### [Task directions]
From the line holding "Kingston School of Art (Copy)" through the line holding "RavenTek Companies logo" below, write out every line exactly; include both of those lines and drop the pictures.

### [Entries supplied]
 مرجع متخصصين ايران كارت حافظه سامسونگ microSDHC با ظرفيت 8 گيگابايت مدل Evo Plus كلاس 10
---
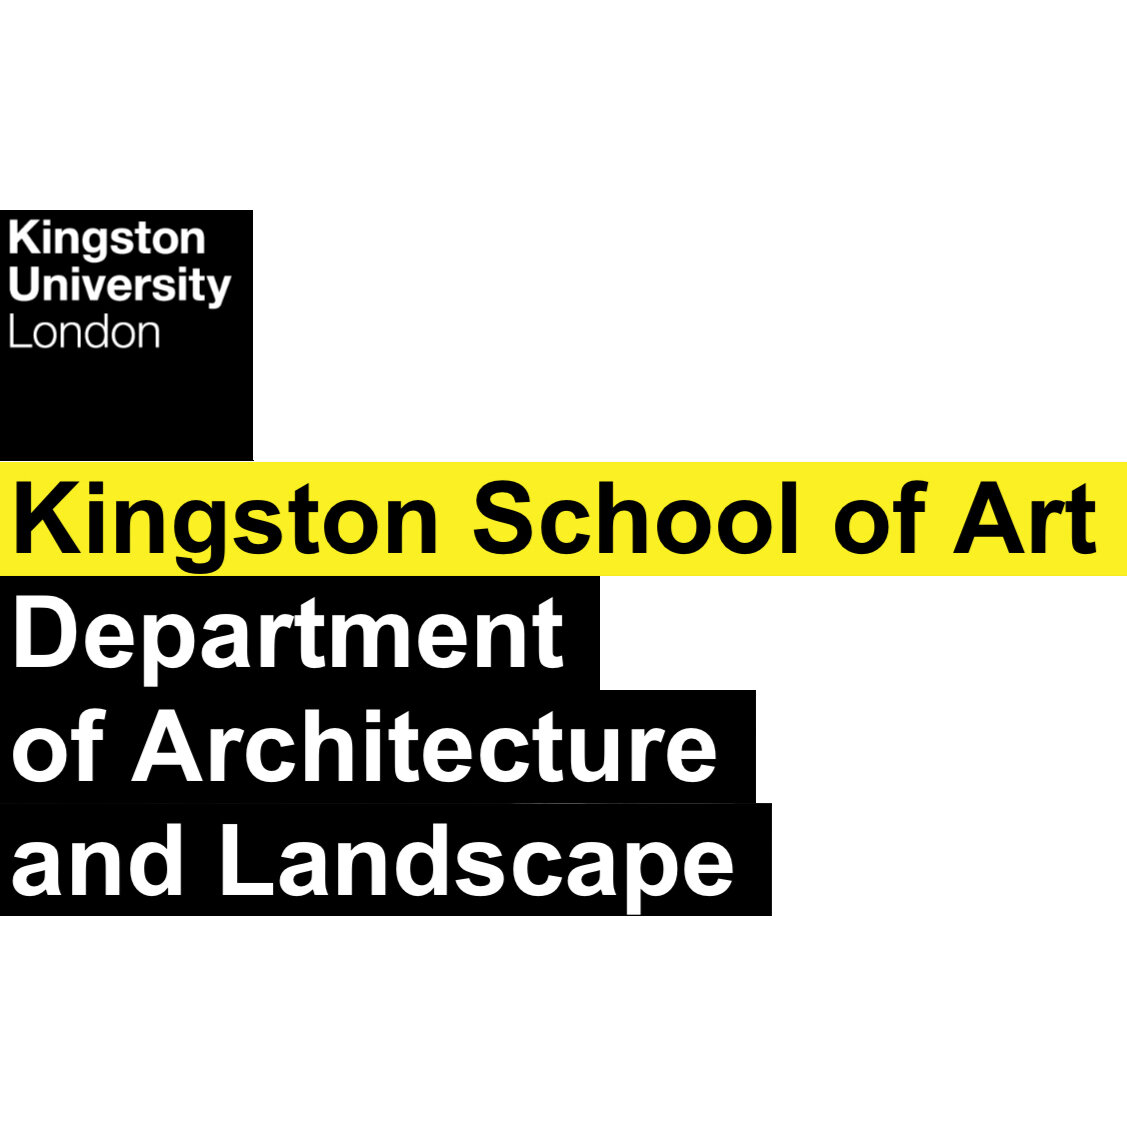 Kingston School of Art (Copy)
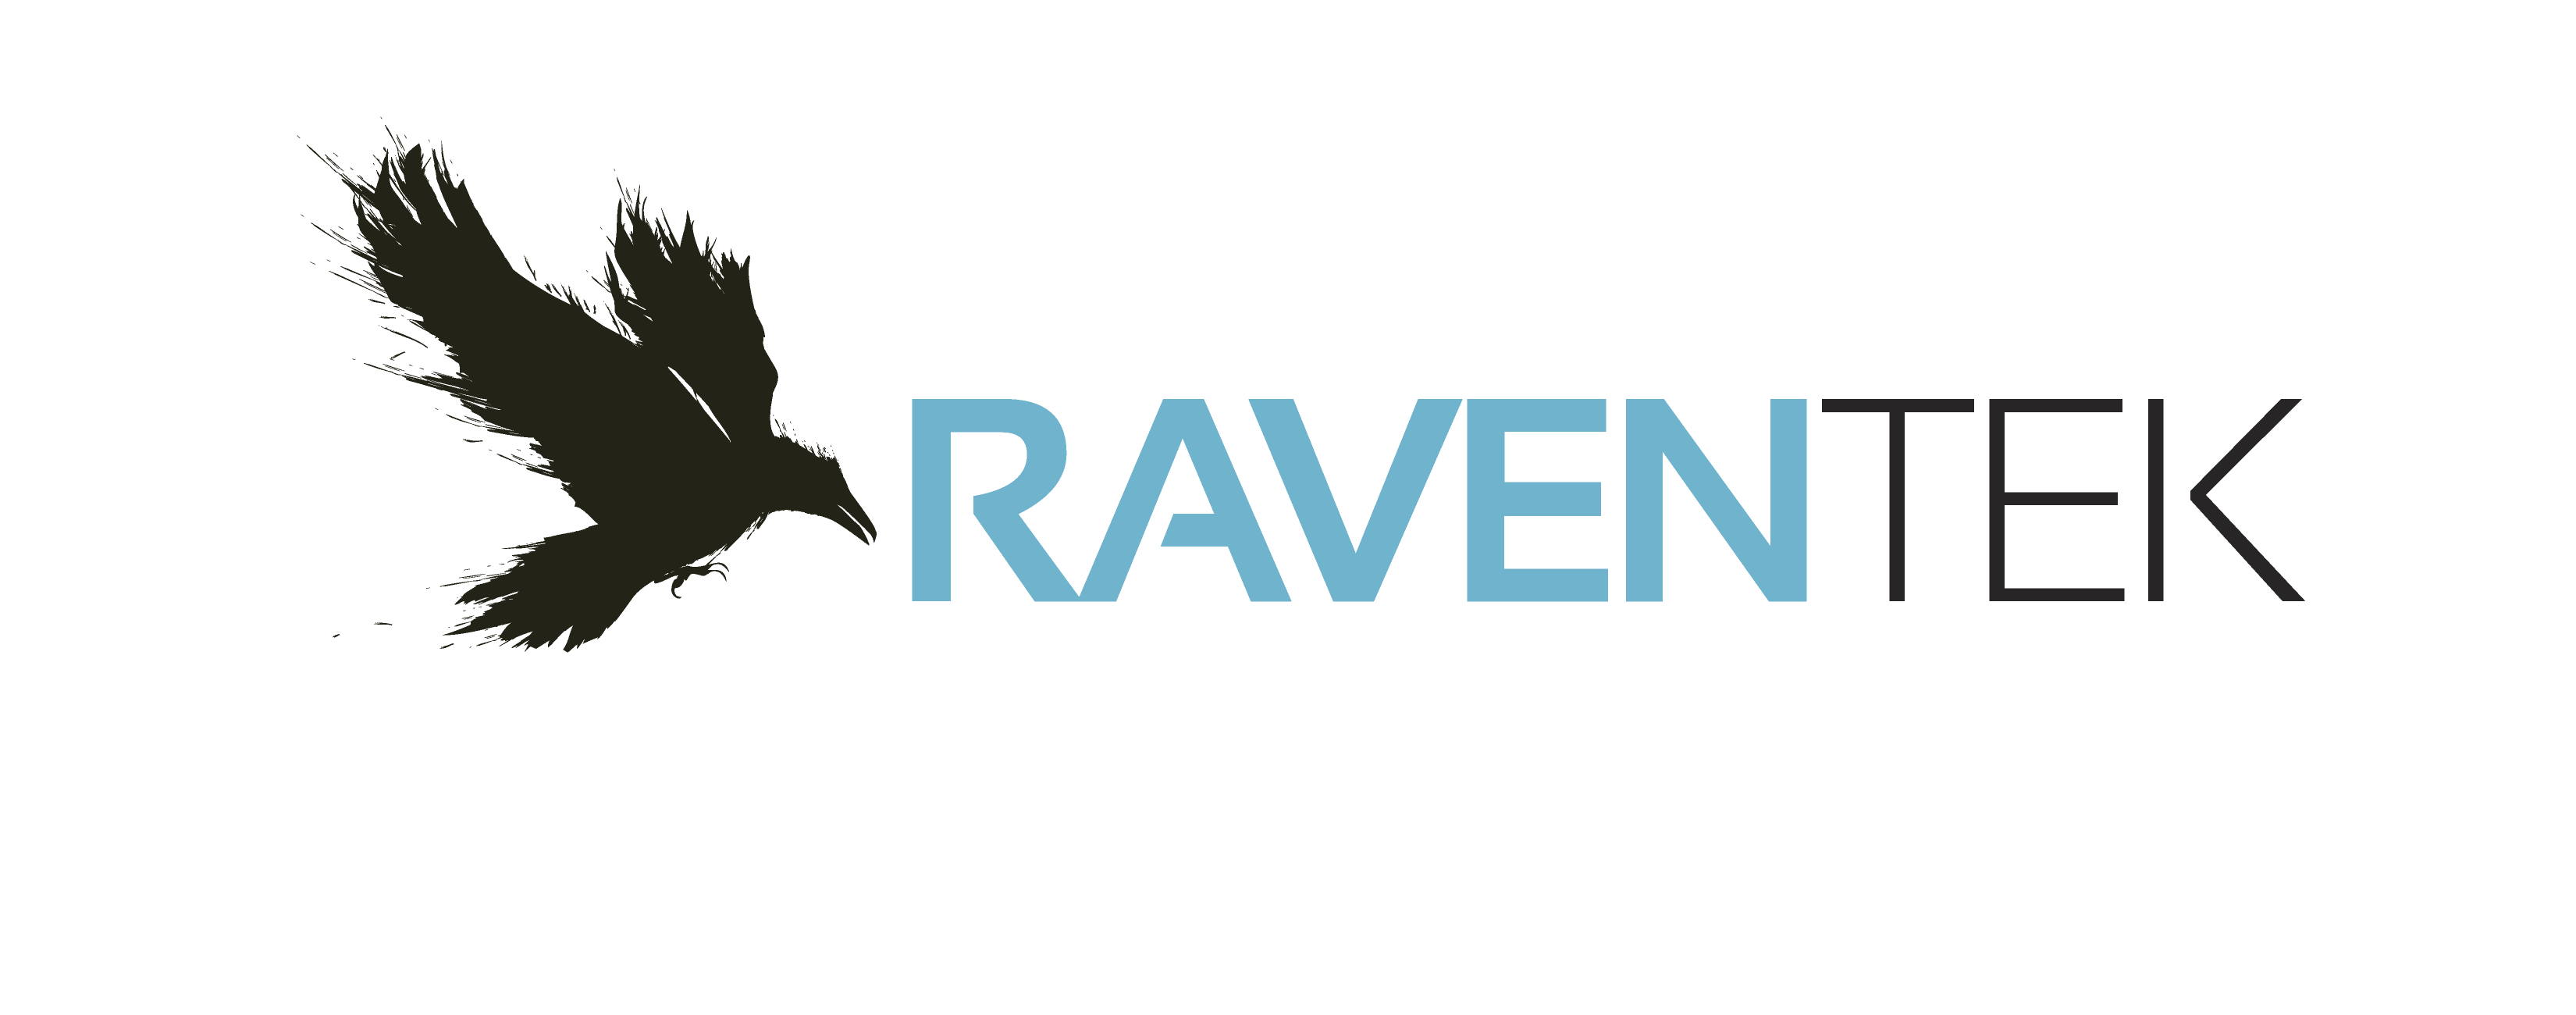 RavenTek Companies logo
==
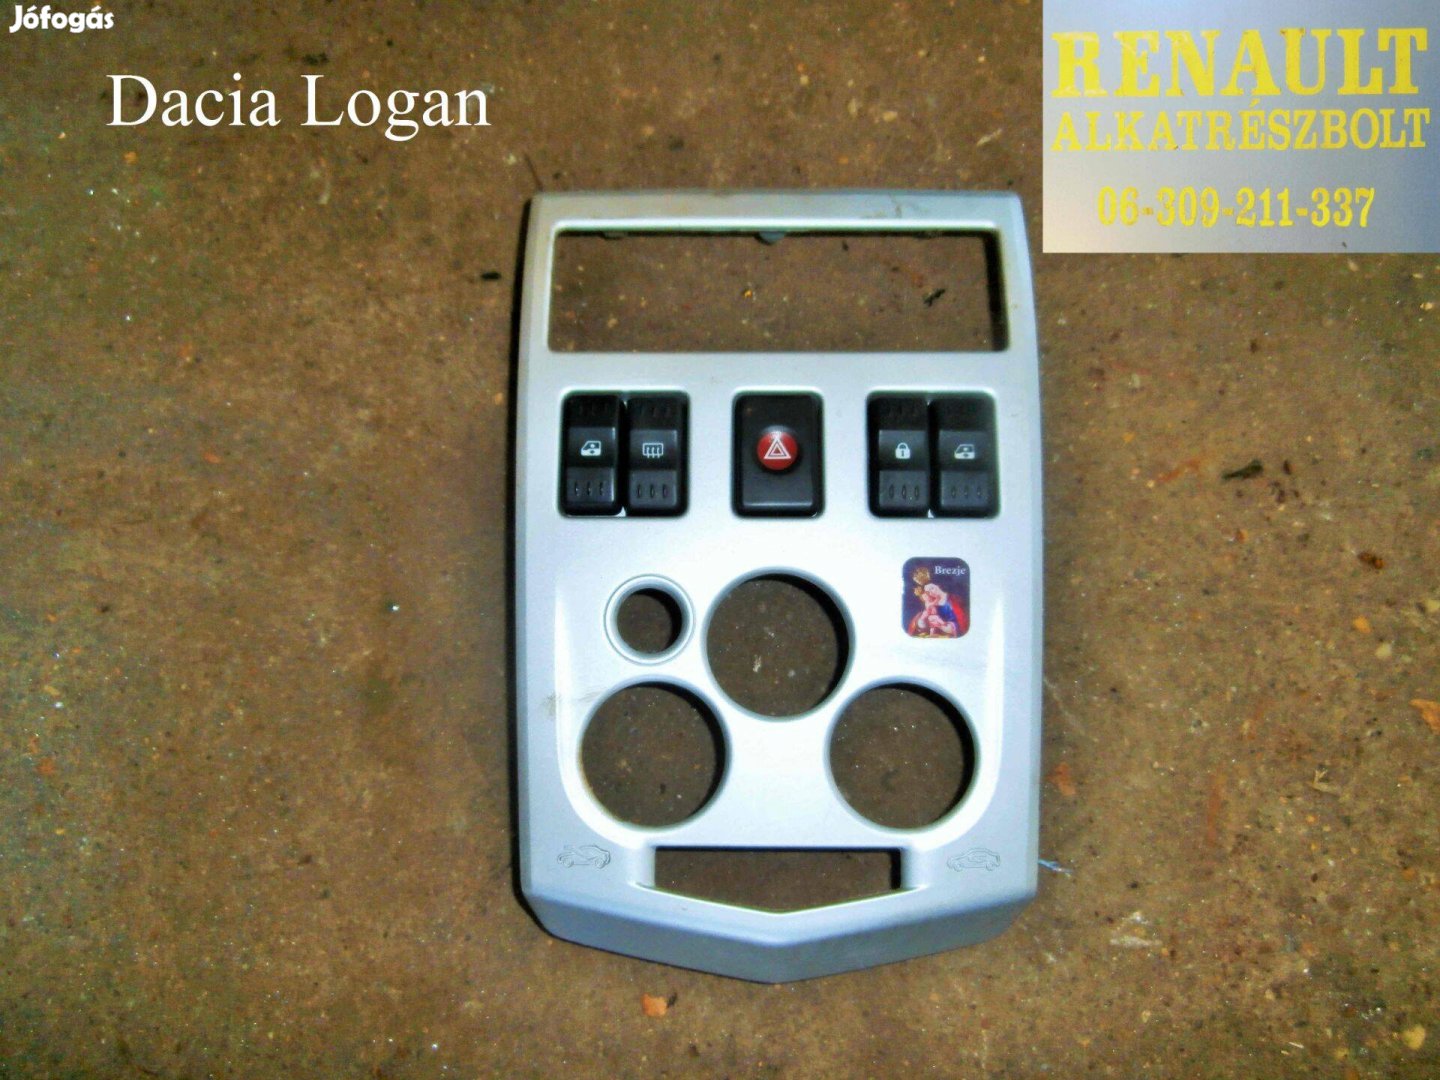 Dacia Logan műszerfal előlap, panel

### [Written answer]
 Kingston School of Art (Copy)
 RavenTek Companies logo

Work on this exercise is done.